Indo-Caucasoid families with ADHD probands (N = 217) were recruited based on the Diagnostic and Statistical Manual of Mental Disorders (DSM). Imp of the probands was assessed using the Domain Specific Imp Scale for Children and DSM. Peripheral blood was collected after obtaining informed written consent for participation, genomic DNA was isolated, and target sites were genotyped by DNA sequencing. The association of genetic variants with Imp was examined by the Quantitative trait analysis (QTA) and Analysis of variance (ANOVA). Post-Hoc analysis following QTA and ANOVA showed significant associations of rs2254408, rs2981359, and rs2239393 with different domains of Imp (P < 0.05). Various haplotypic combinations also showed statistically significant associations with Imp (P < 0.05). Multifactor dimensionality reduction models revealed strong effects of the variants on Imp. ADHD probands harboring the risk alleles exhibited a deficit in performance during cognitive assessment. Longitudinal follow-up revealed a significant association of rs2254408 with trait persistence.
The present study indicates the influence of the studied genetic variants on ADHD-associated imp, executive deficit, and disease persistence. Thus, these variants may be helpful as predictors for the success of individual therapeutic sessions during cognitive training.
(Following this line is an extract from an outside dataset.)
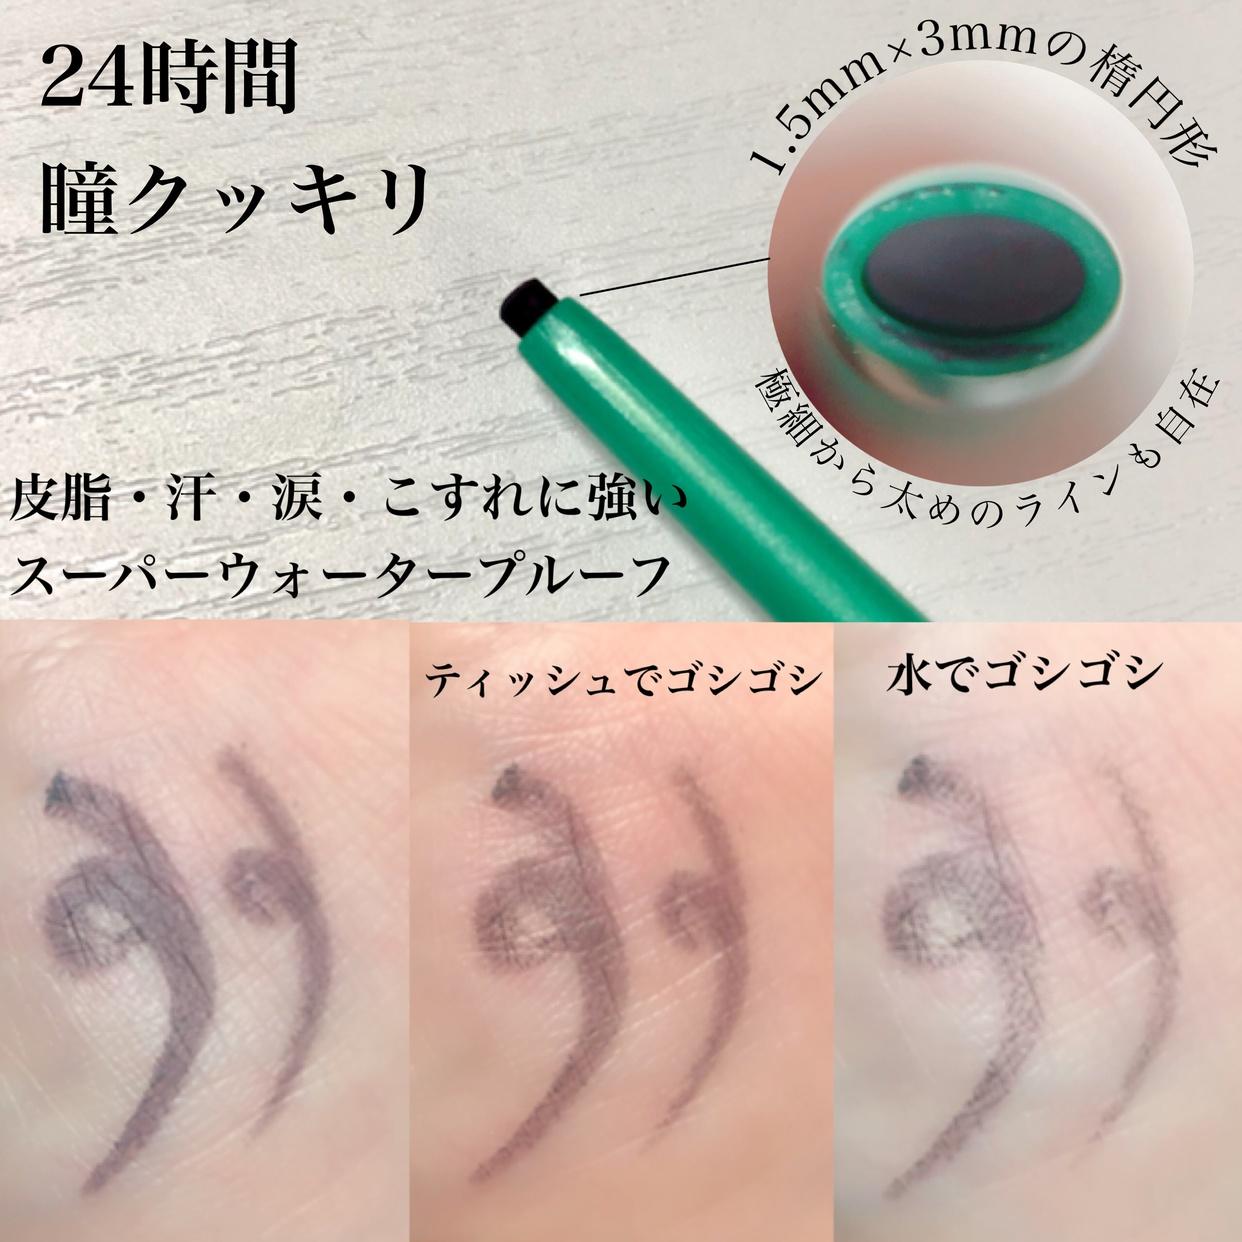 dejavu(デジャヴュ) ラスティンファイン クリームペンシルを使ったsachikoさんのクチコミ画像2

冲动性(Imp)是注意力缺陷多动障碍(ADHD)的主要症状之一,常导致对刺激的不当反应。由于多巴胺能系统是 ADHD 药物干预的主要靶点,我们研究了与 ADHD 相关的 Imp 与多巴胺清除相关的多巴胺转运体(SLC6A3)和儿茶酚-O-甲基转移酶的功能性基因变异之间的关联。
根据《精神障碍诊断与统计手册》(DSM),我们基于 ADHD 先证者(N=217)招募了印度-高加索家族。使用儿童特定冲动量表和 DSM 评估先证者的冲动性。在获得参与的书面知情同意后收集外周血,分离基因组 DNA,并通过 DNA 测序对目标位点进行基因分型。通过定量性状分析(QTA)和方差分析(ANOVA)检查遗传变异与 Imp 的关联。QTA 和 ANOVA 后的事后分析显示,rs2254408、rs2981359 和 rs2239393 与 Imp 的不同域显著相关(P<0.05)。各种单倍型组合也与 Imp 显示出统计学上的显著关联(P<0.05)。多因素维度缩减模型显示,这些变异对 Imp 有强烈影响。携带风险等位基因的 ADHD 先证者在认知评估中表现出表现缺陷。纵向随访显示 rs2254408 与特质持续存在显著相关。
本研究表明,所研究的遗传变异对 ADHD 相关的冲动性、执行功能缺陷和疾病持续存在有影响。因此,这些变异可能有助于作为认知训练期间个别治疗疗程成功的预测因子。